Haber: Damla Oya Erman

Sadece 19 yıl yaşamış olmasına rağmen, Roma Katolik azizi ve Fransa'nın Yüz Yıl Savaşları'ndaki kilit rolü nedeniyle ulusal bir kahraman haline geldi.

Jeanne, Jacques d'Arc ve Isabelle Romée'nin küçük bir kasabasında doğdu, kuzeydoğu Fransa. Doğduğu dönemde İngilizler ve müttefikleri Paris, Bordeaux ve Reims dahil olmak üzere Fransa'nın büyük bir kısmını kontrol ediyordu. İngiliz tehdidinin yanı sıra Burgonya Dükü'ne sadık bir grup, tahtın varisi olan Orléans'lı Charles'a, Fransız tahtına hak iddia etti. 

Jeanne, ilahi talimatları ilk kez 13 yaşında, babasının bahçesinde, Aziz Michael, Catherine ve Margaret'ın kendisine ülkeden İngilizleri sürmesini söylediği zaman aldığını iddia etti. 16 yaşında, bir Fransız komutanına bir savaşın sonucunu doğru bir şekilde tahmin etti ve o da onu Charles'a götürmeyi kabul etti.

Beyaz Saray: İsrail savunmasız bırakılmıyor Beyaz Saray: İsrail savunmasız bırakılmıyor

Cahil bir çiftçi kızı, Dauphin üzerinde güçlü bir izlenim bıraktı, ki bu da onunla birlikte seyahat etmeye ve Fransız askeri liderlere tavsiyelerde bulunmaya başlamasına neden oldu.
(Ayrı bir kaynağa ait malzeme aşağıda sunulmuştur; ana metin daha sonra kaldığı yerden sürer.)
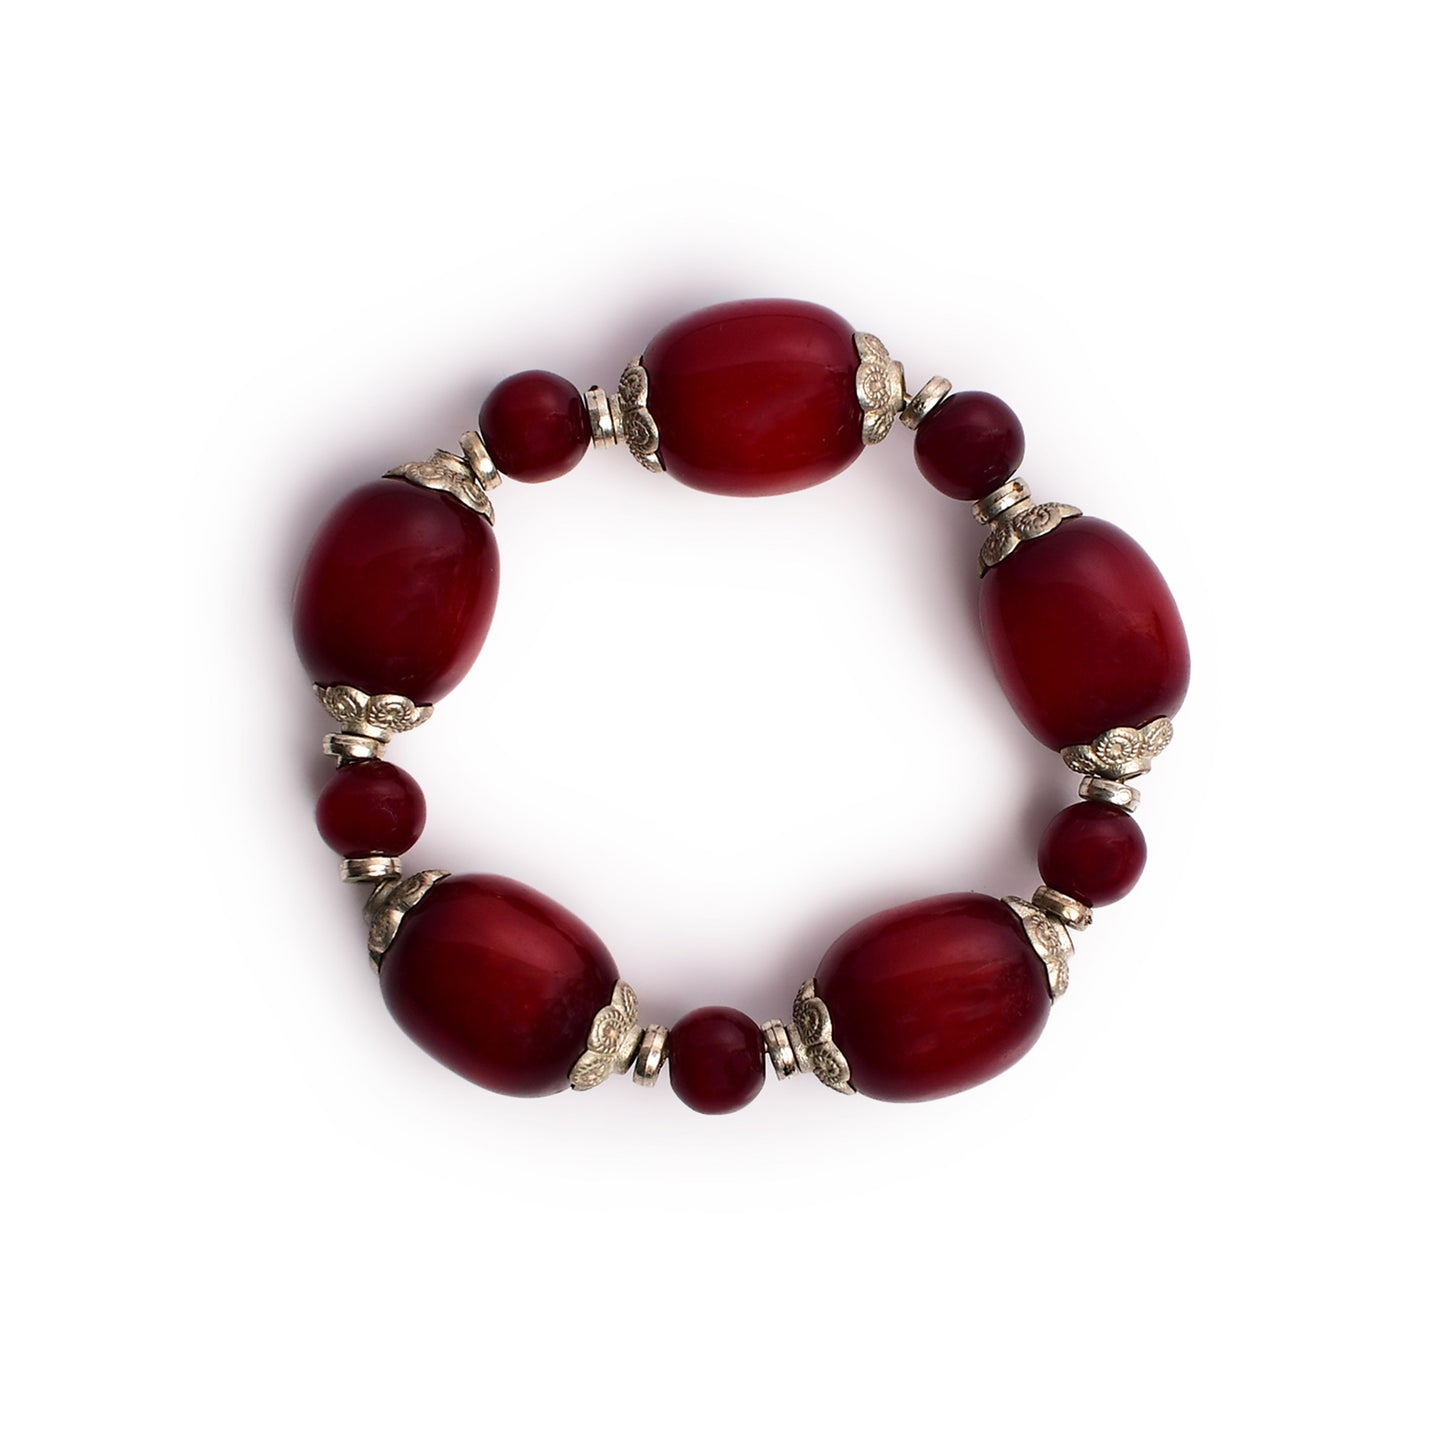 Maroon & Silver Stone Stretchable Bracelet by Bamboo Tree Jewels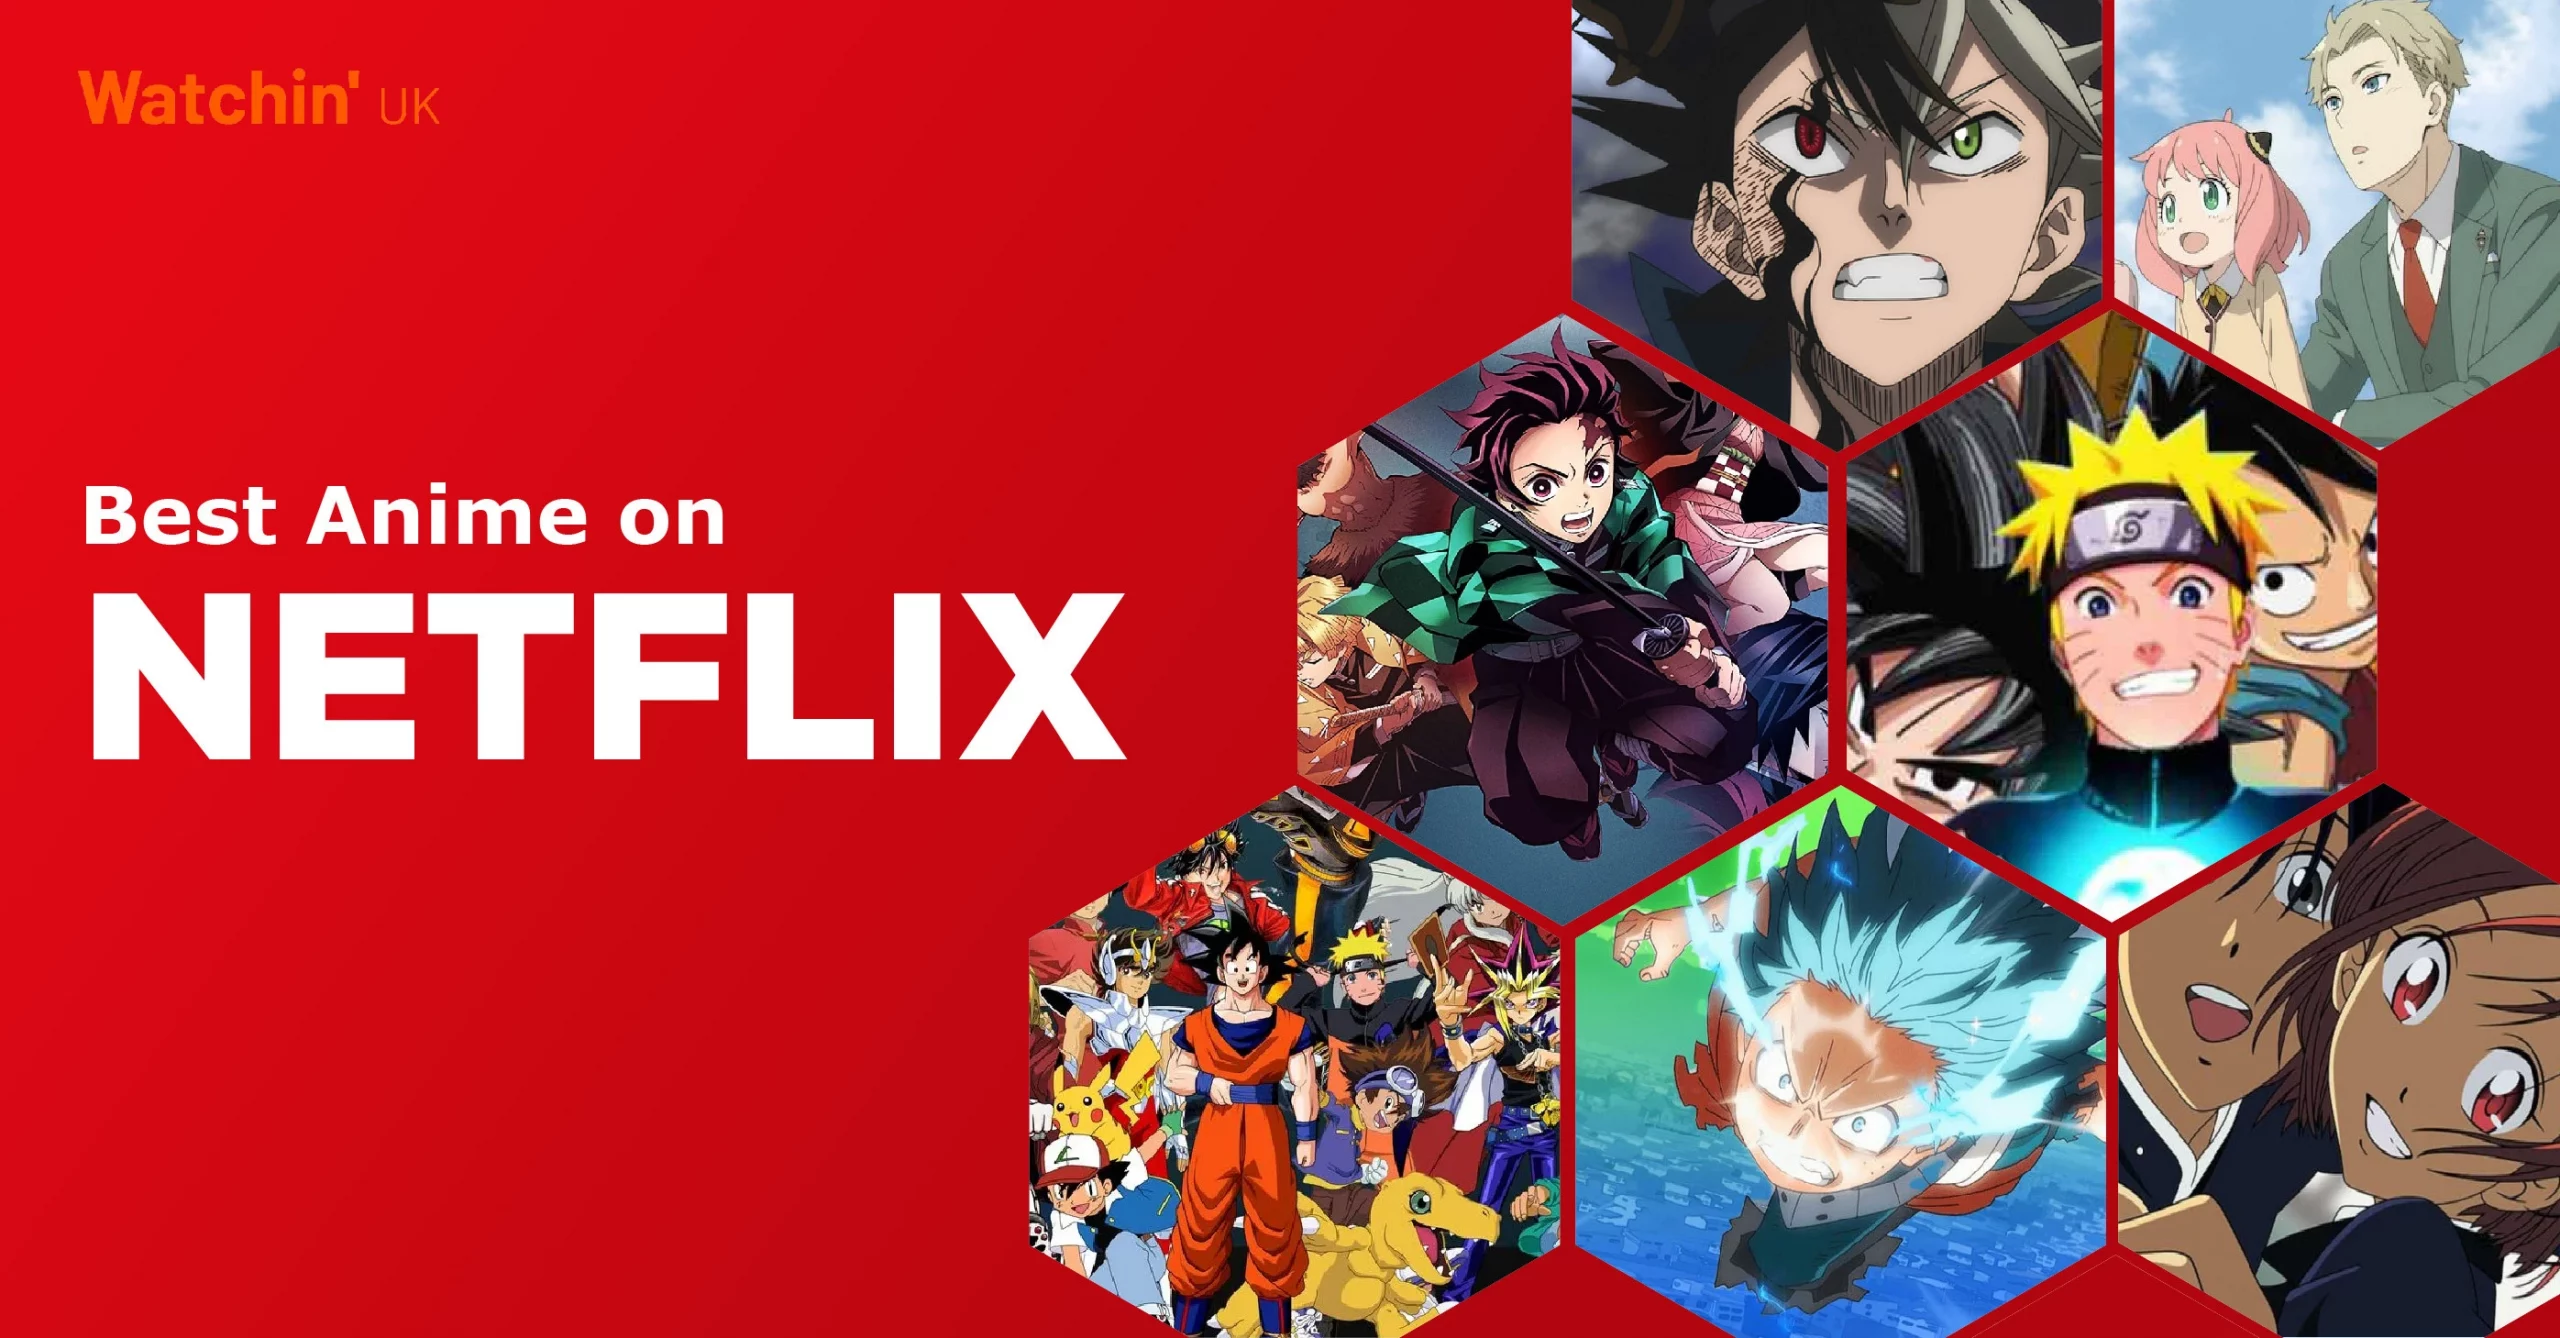 Best Anime on Netflix in UK to watch in August 2022

O dönemde rolünün tam olarak ne olduğu belirsizdir, ancak sadece sembolik olmaktan çok daha fazla olduğu açıktır. 

Silah yerine bir bayrak taşıdı ve daha sonra hiçbir düşman askerini öldürmediğini ifade etti, ancak Fransız liderleri onu Orléans'taki kuşatmayı kaldırmada önemli bir faktör olarak gördü. Şehrin kurtuluşu, İngilizleri şaşırttı ve Fransızları yıllar sonra ilk kez saldırgan duruma geçirdi. Jeanne'nin tavsiyeleri, öngörüsü ve çekiciliği Charles'ın ilerlemesine yardımcı olarak, Charles'ın birlikleri İngilizleri ve Burgonyalıları Loire Vadisi'nden kovdu. Fransızlar, Troyes'yi geri aldılar ve Dauphin taç giydiği geleneksel Fransız kraliyet taç giyme yeri Reims'i özgür bıraktılar.

Kısa bir süre sonra Jeanne, Burgonyalılarla yapılan bir savaşta esir düştü. İngilizler, ilhamının şeytandan geldiğini kanıtlamaya kararlıydı ve onu yargıladı. Mahkeme kayıtları, onu sapıklığını itiraf etmeye kandırmaya yönelik İngiliz girişimlerini belirgin bir şekilde içerir. Bu tür bir girişimde Jeanne'ye, Tanrı'nın lütfunda olduğunu biliyor mu diye soruldu. 

Doktrine göre, "evet" demek sapıklık olurdu çünkü kimse gerçekten cevabı bilemezdi, ancak "hayır" demek sapıklığın bir itirafı olurdu. Jeanne, tuzaktan kaçınarak "'Eğer öyle değilsem, Tanrı beni oraya koysun; ve eğer öyleysem, Tanrı beni öyle tutsun,'" diye cevap verdi. Mahkeme onu her durumda suçlu buldu ve 30 Mayıs 1431'de Rouen'de diri diri yakıldı.

Papa Callixtus III'ün emriyle düzenlenen bir "iptal davası" 1455 yılında Jeanne'yi sapıklık suçlamalarından akladı. Bu zamana kadar savaşın seyri İngilizlere karşı kesin bir şekilde dönmüş ve Orléans Kızı zaferle ilişkilendirilmişti. 1830'da Napolyon, Jeanne'yi Fransa'nın ulusal sembolü ilan etti ve Katolik Kilisesi tarafından 1920'de aziz ilan edildi. 

Bilim adamları ayrıca onun hikayesinin Fransız toplumu üzerinde derin bir etkisi olduğunu öne sürüyor. Yüz Yıl Savaşları'nın sonunun genellikle feodalizmin son nefesi olarak kabul edildiği bir dönem. Birkaç yüzyıl boyunca, eski toplumsal düzen ulus-devletler ve ortak insanın itibarı hakkındaki yeni fikirlere yerini bıraktı ve Fransızlar için Jeanne d'Arc, her ikisinin de doğal bir sembolü oldu.